**DATASET**
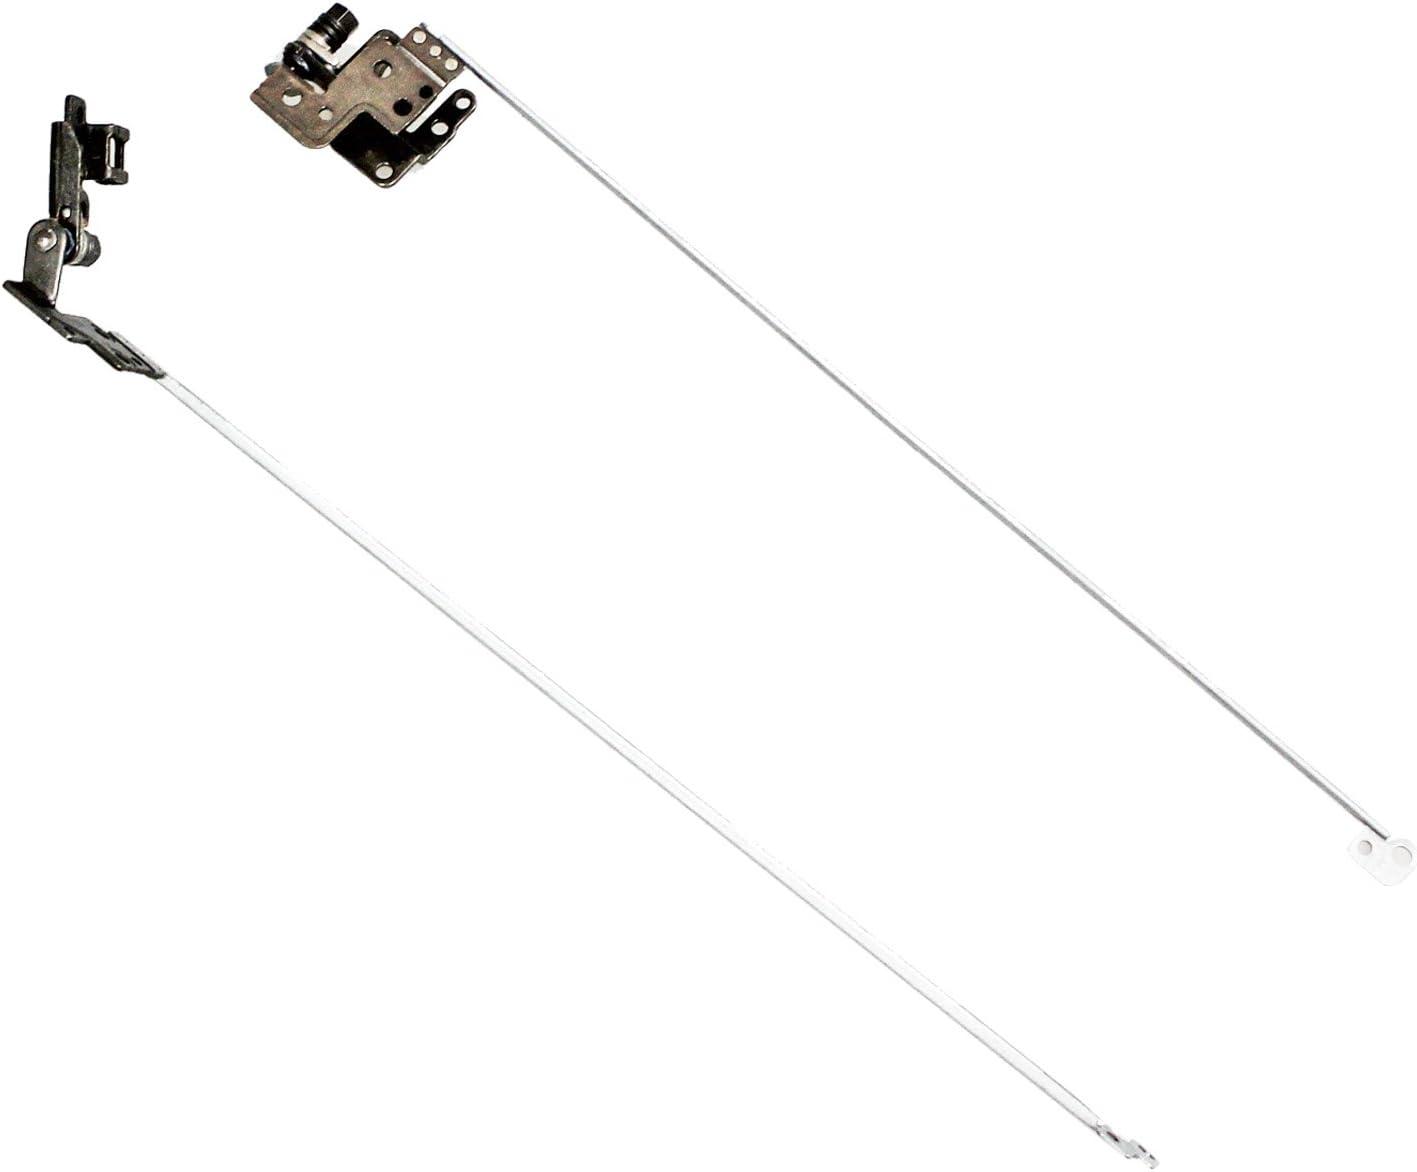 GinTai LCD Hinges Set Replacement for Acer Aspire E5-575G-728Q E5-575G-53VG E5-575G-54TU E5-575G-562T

* * *

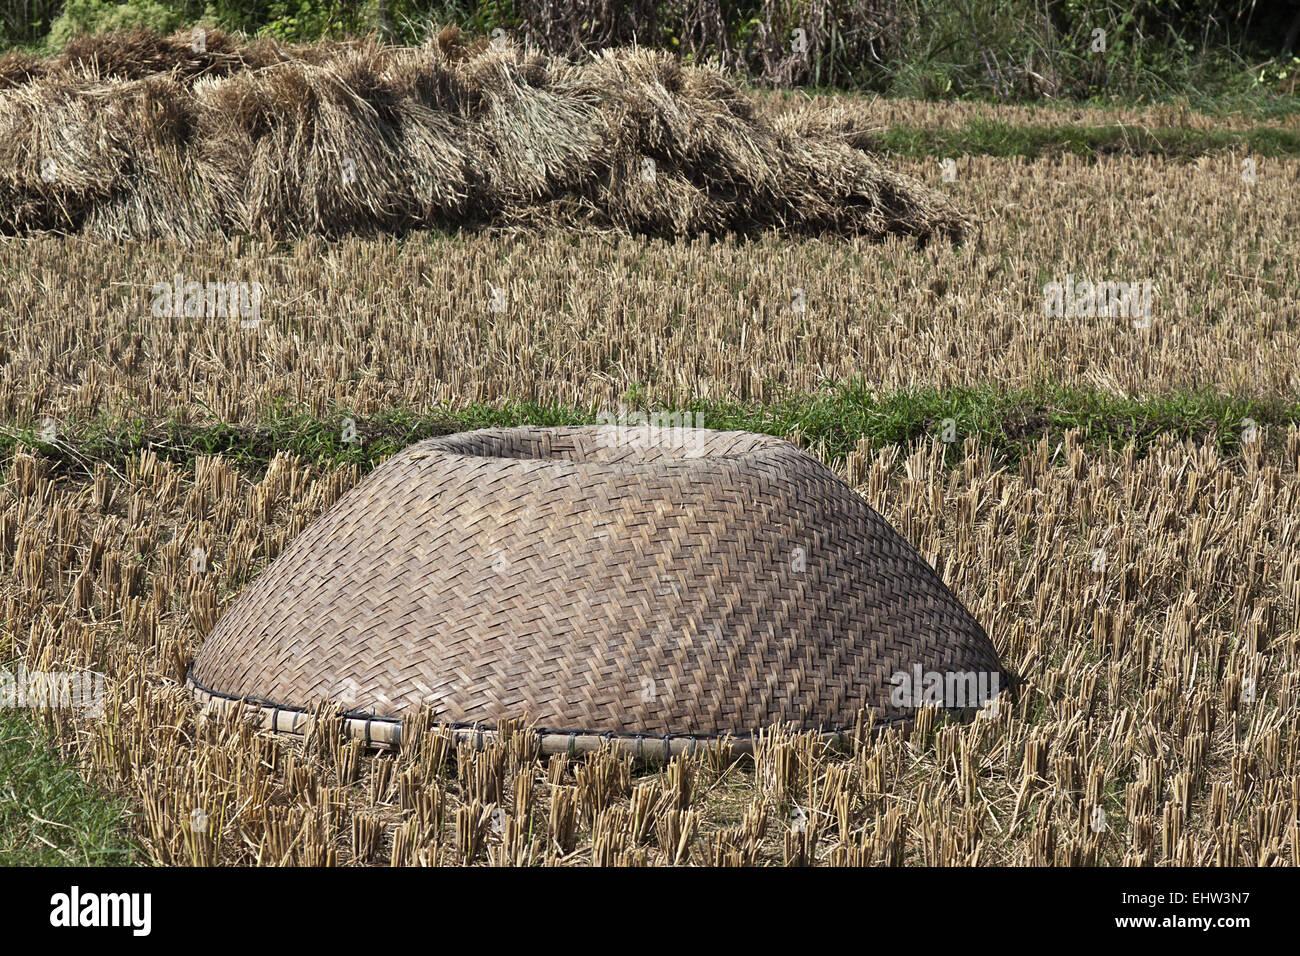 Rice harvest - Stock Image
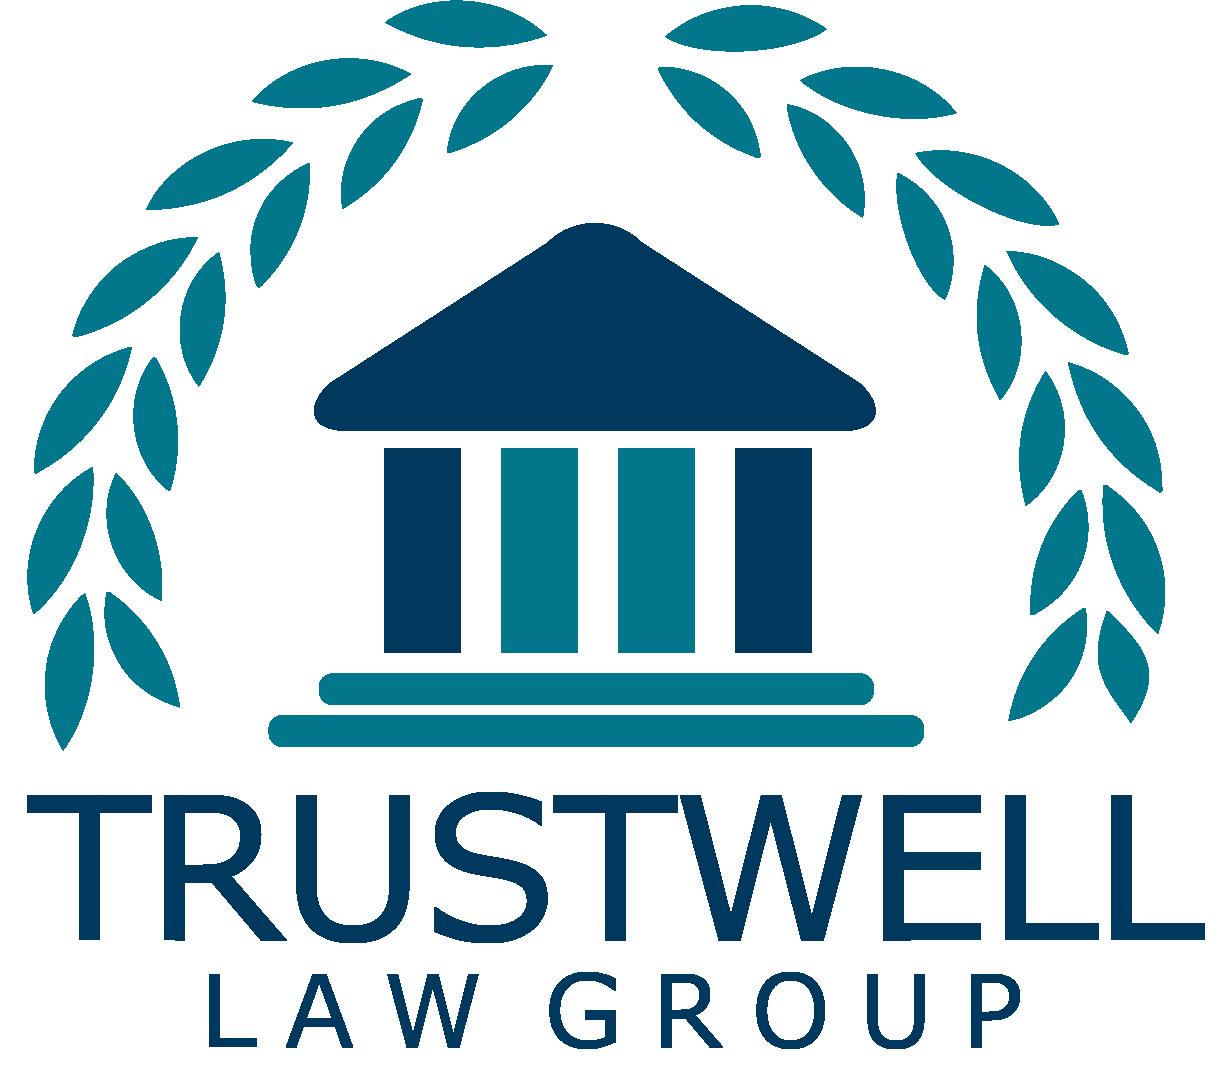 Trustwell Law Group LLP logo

* * *

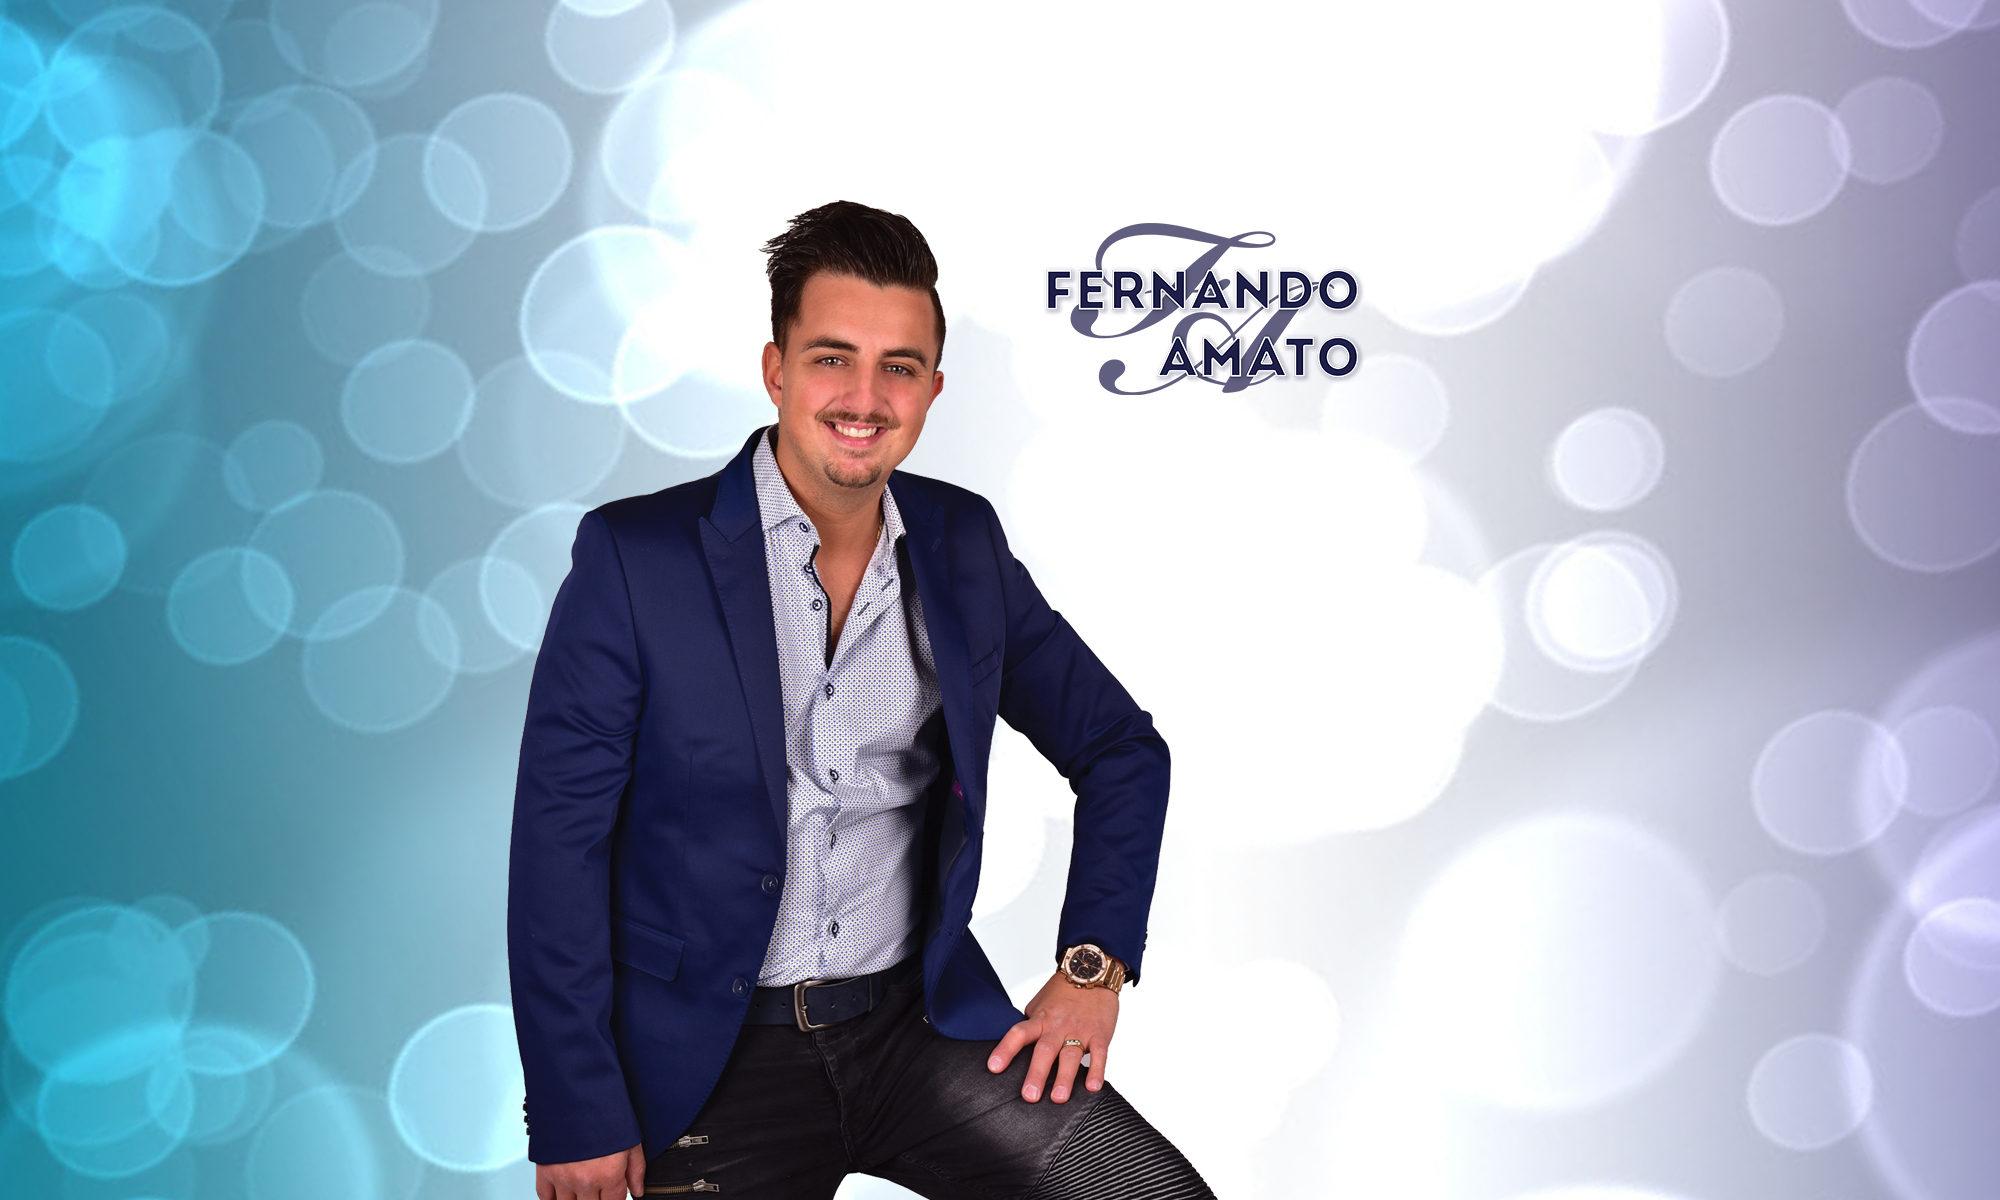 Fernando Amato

**ABOUT THIS EXERCISE**
Going by the data above, give back only the lines from the one containing "Rice harvest - Stock Image" through the one containing "Trustwell Law Group LLP logo", exactly as they stand, both ends included and no images.

**ANSWER**
 Rice harvest - Stock Image
 Trustwell Law Group LLP logo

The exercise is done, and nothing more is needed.